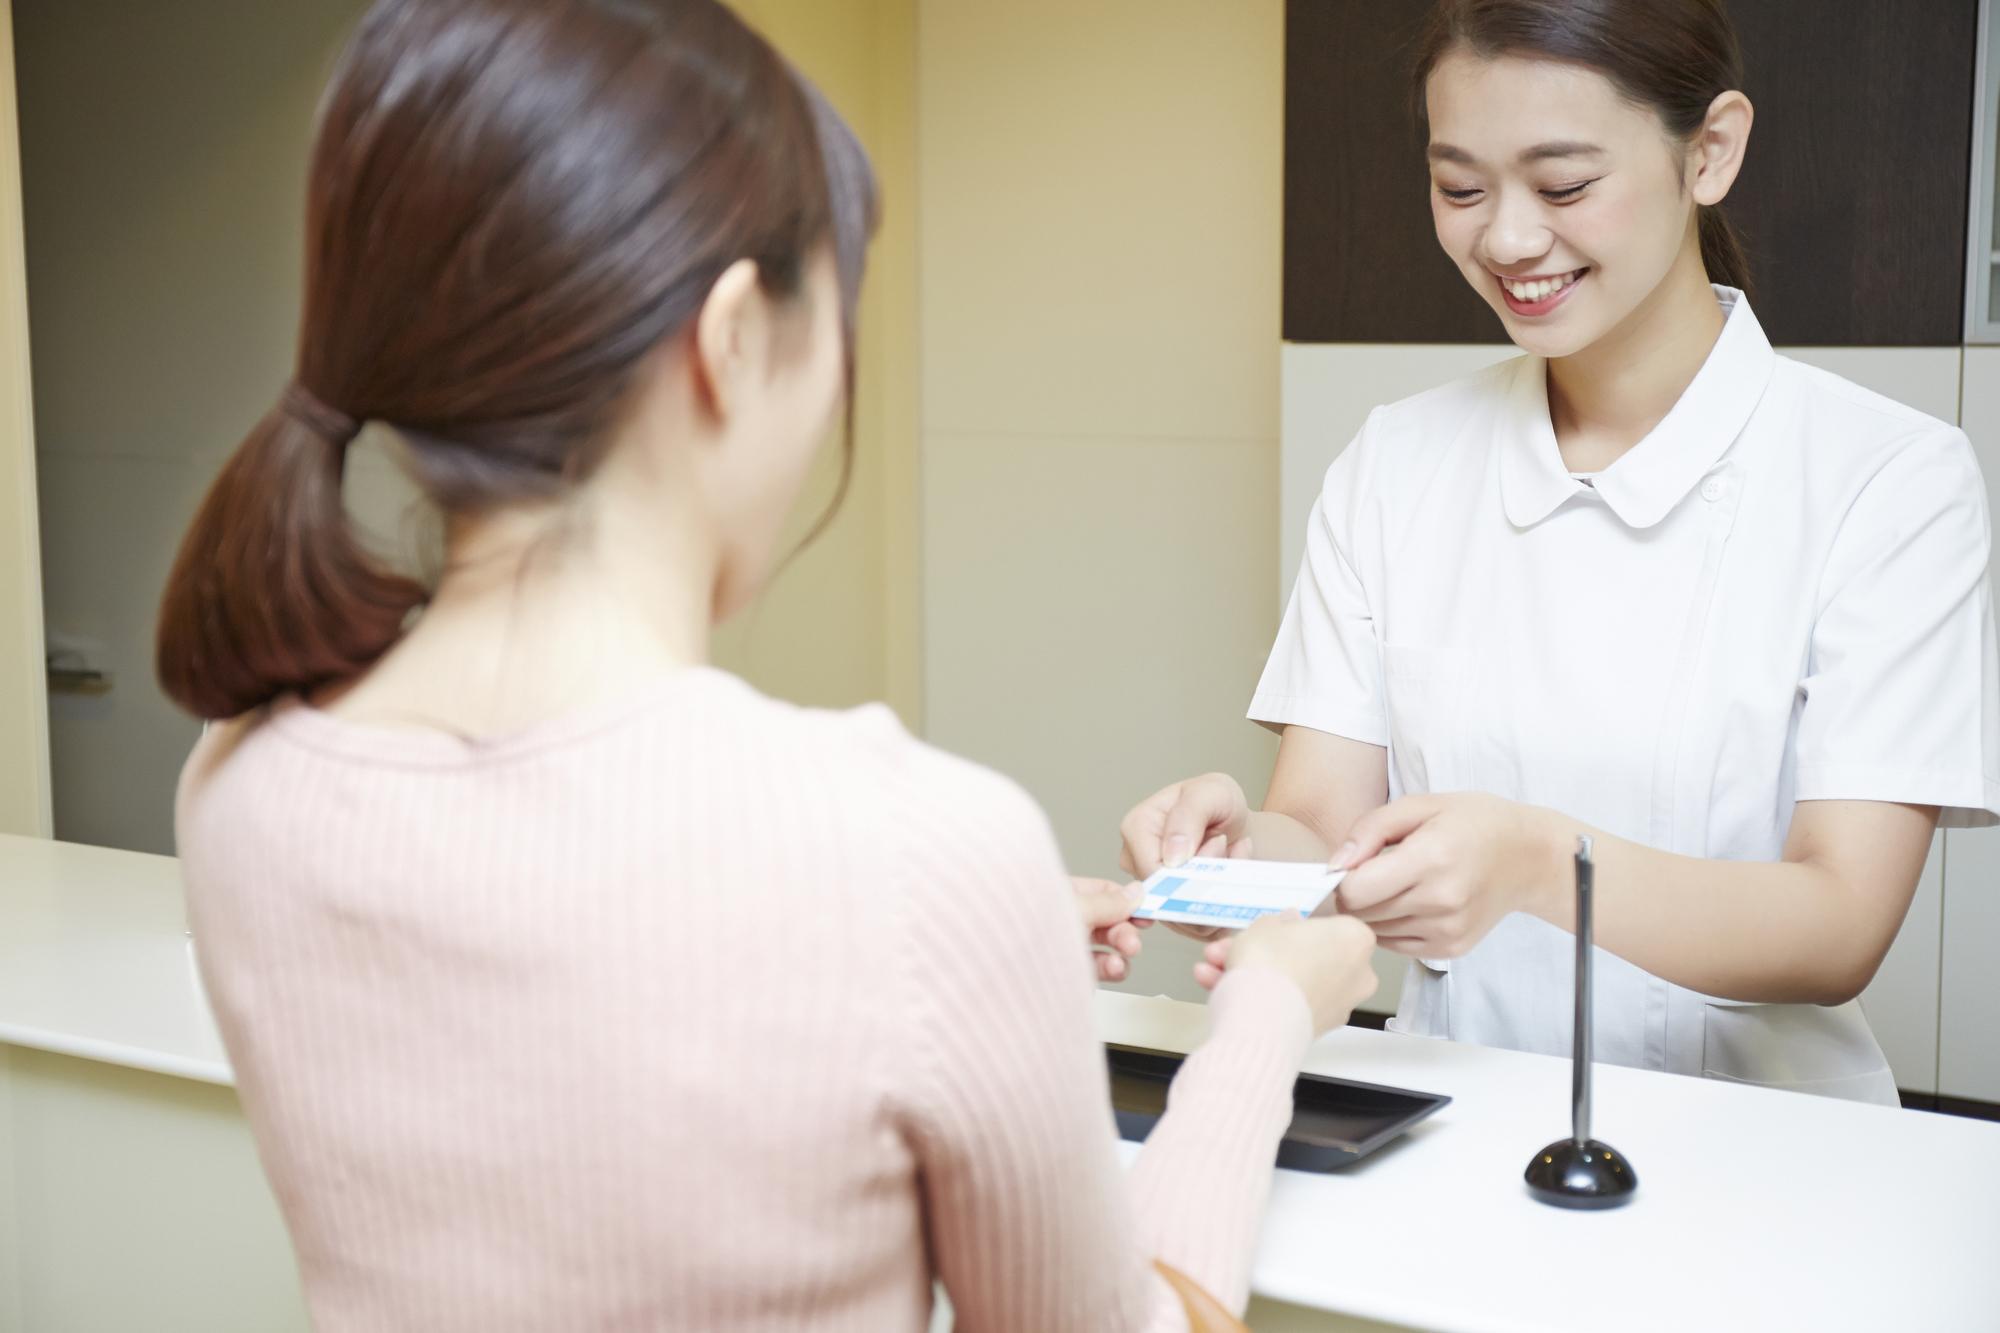 歯科医院を受診する女性
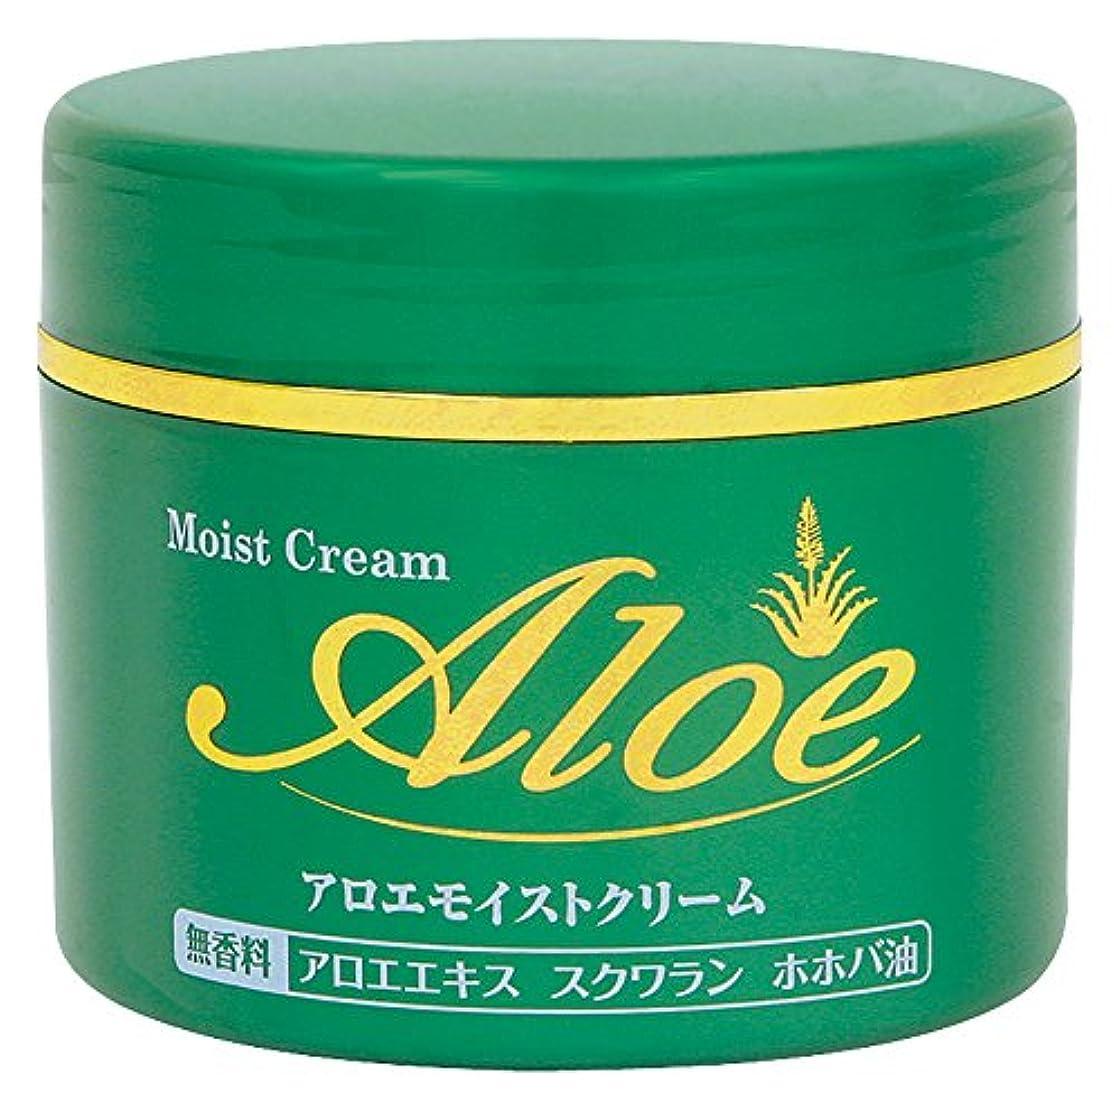 選ぶ被る契約した井藤漢方製薬 アロエモイストクリーム 160g (アロエクリーム 化粧品)
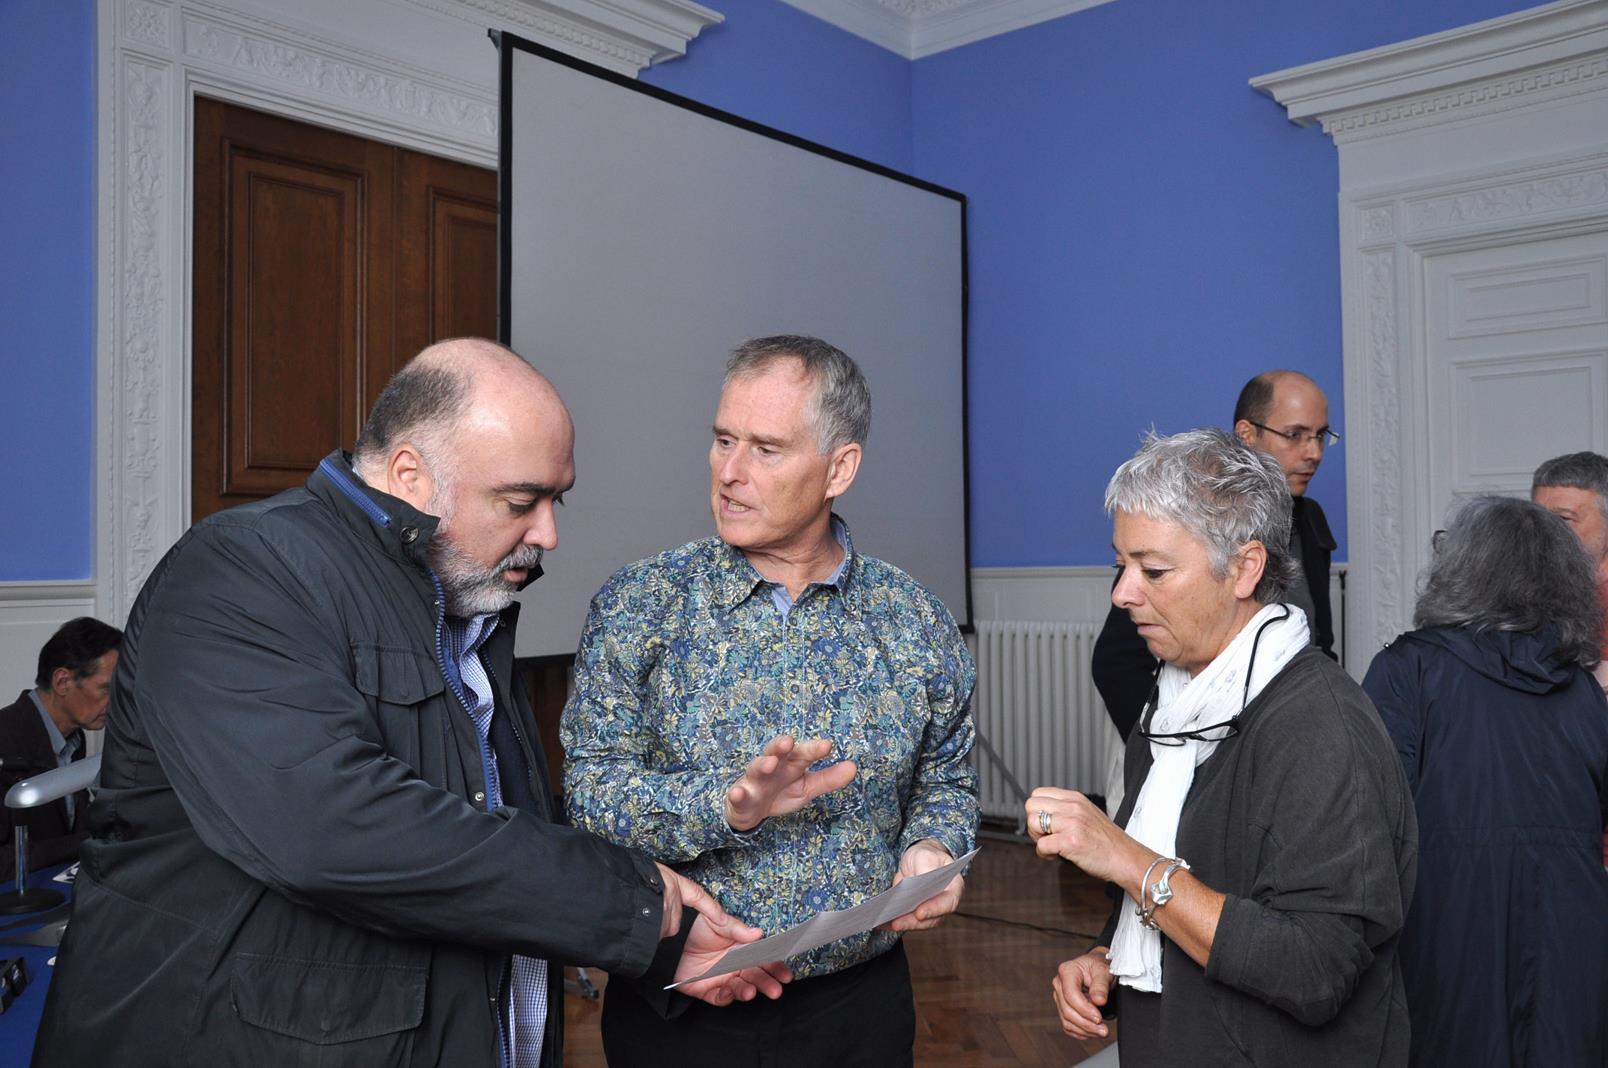 José Antonio Hernández, respondiendo a las preguntas del matrimonio Blair. 23/10/19

Problem to solve
From the material above, print everything exactly except the pictures.

Exercise result
 歯科医院を受診する女性
 選ぶ被る契約した井藤漢方製薬 アロエモイストクリーム 160g (アロエクリーム 化粧品)
 José Antonio Hernández, respondiendo a las preguntas del matrimonio Blair. 23/10/19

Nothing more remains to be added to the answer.